# Ote



## Caroline13 (Feb 25, 2009)

Hi there
Does anybody have a number which I can ring OTE on from outside Greece? I am moving back to Greece and am trying to getmy phone line reconnected but am unable to find any number for OTE that can be rung outside Greece - thanks for any assistance, Caroline


----------



## wka (Sep 18, 2009)

I don't know if this will work, but it's worth a try:

whenever I need to call a toll-free (1-800-xxx-xxxx) number in the United States from Greece, I call from Skype (when you dial, you choose what country you're calling).

I suppose if you select Greece and then enter the number, you should connect to OTE. Assuming it's a toll-free number in Greece, you won't pay anything for the call.

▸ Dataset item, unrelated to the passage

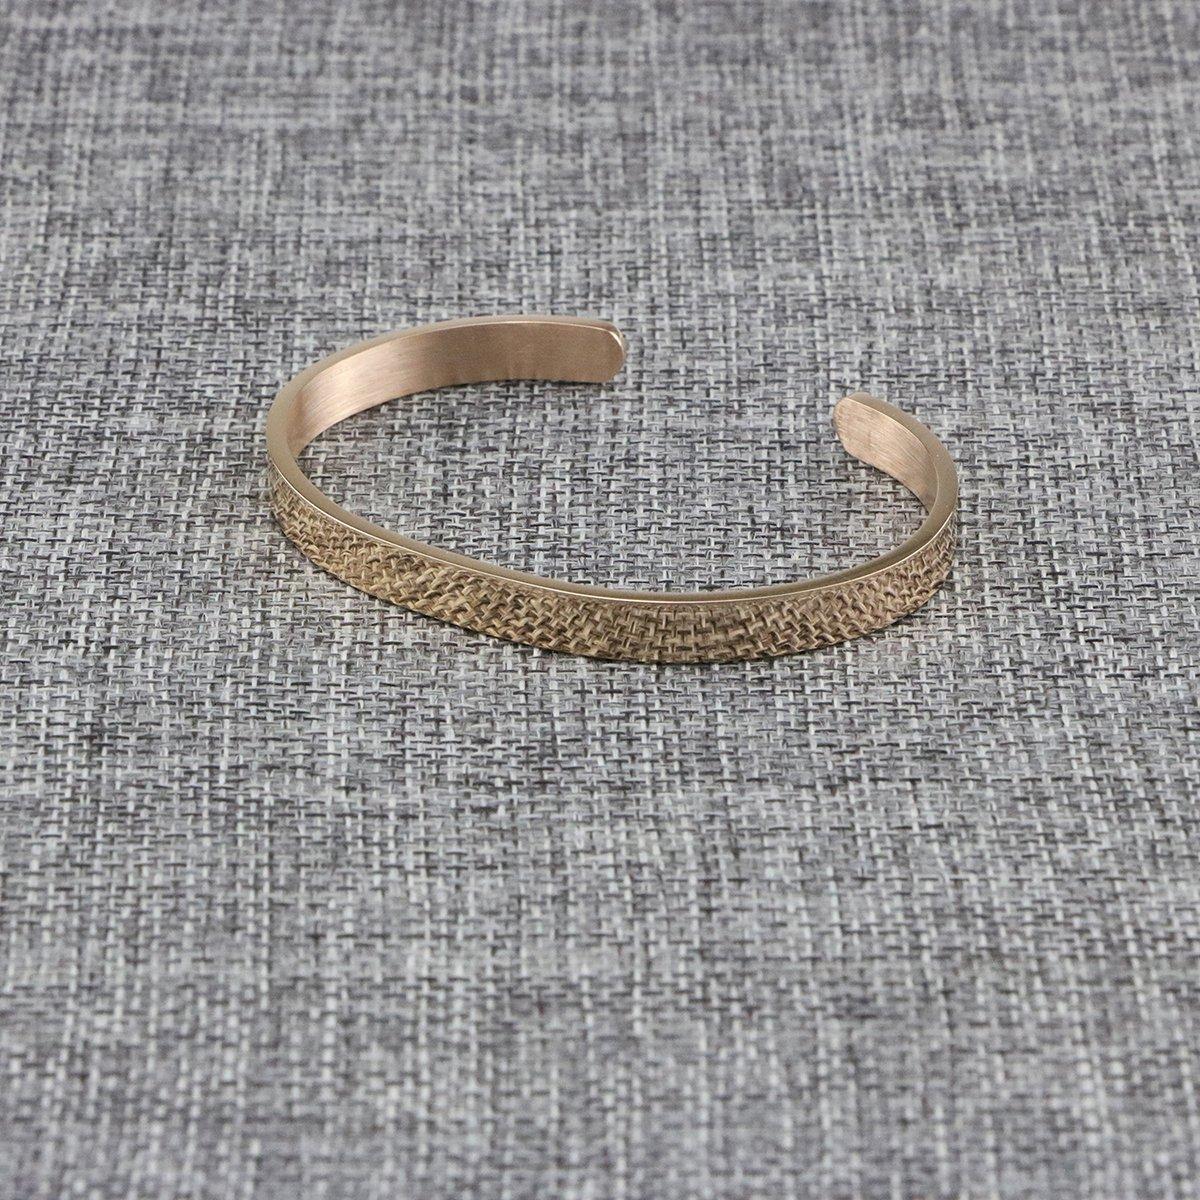 Joycuff Blank Cuff Bracelet Stainless Steel Jewelry Minimalist Simple Open Bangle
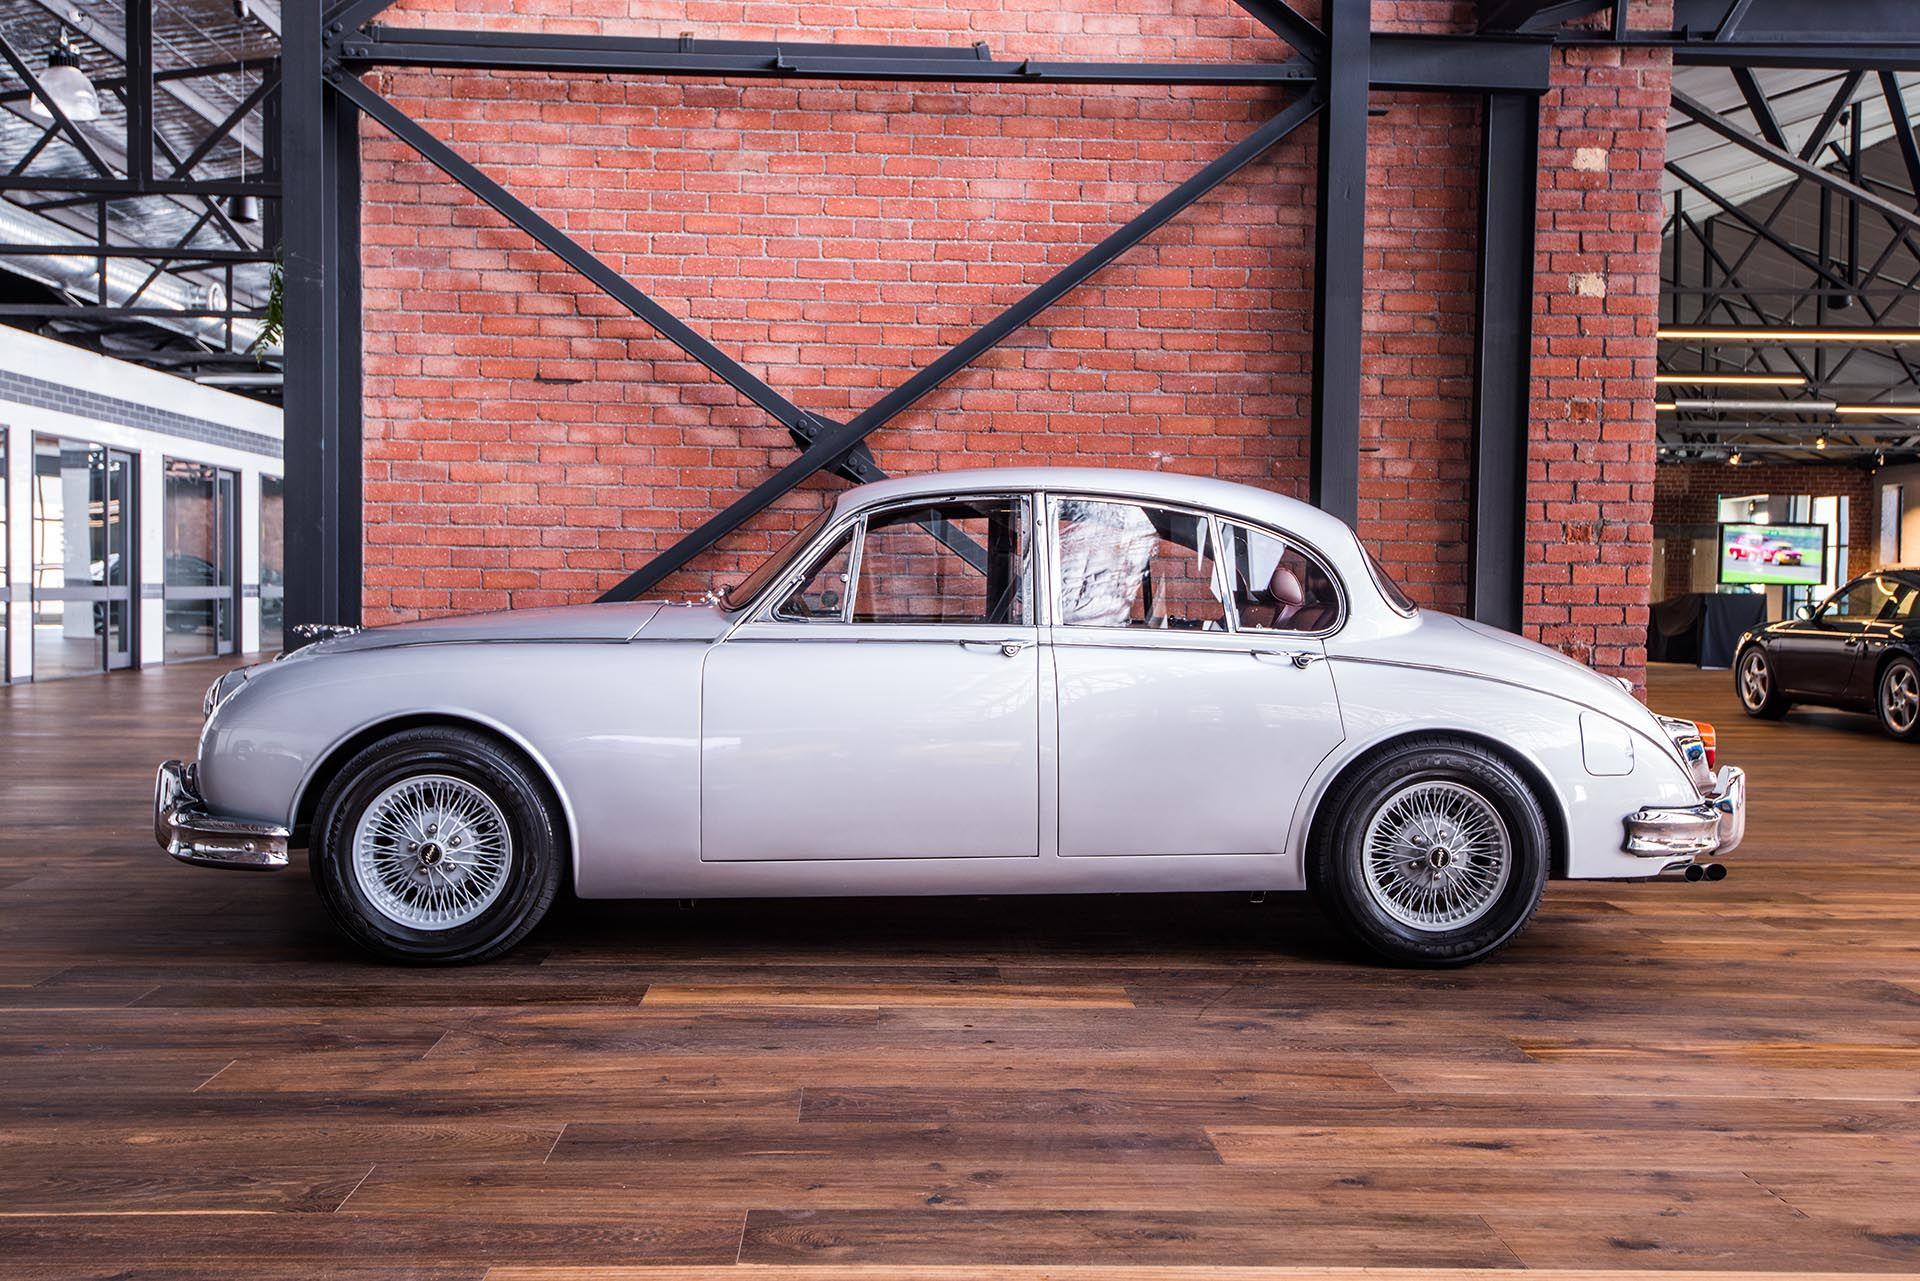 1959 Jaguar Mk ll 3.8 manual - Richmonds - Classic and Prestige Cars ...

If you don't have Skype already, it is free to download it.


----------



## Caroline13 (Feb 25, 2009)

thanks for that i'll give it a go


----------



## Jane&Jack (Apr 1, 2008)

Hi 

If you google ote the search result will give you the page in english, may have a number.


----------



## Caroline13 (Feb 25, 2009)

Thank you for that, we have arrived in greece now so have been able to sort it out locally


----------



## wigwam (May 28, 2009)

Good luck!!! 

EDIT: Sorry I thought you said you were going to sort it out. I mis read and now i can't find how to delete the post so I am adding this edit so you don't think me a total idiot.


----------



## jetset (Jan 5, 2010)

This is the OTE number for connection +302108399200 good luck


----------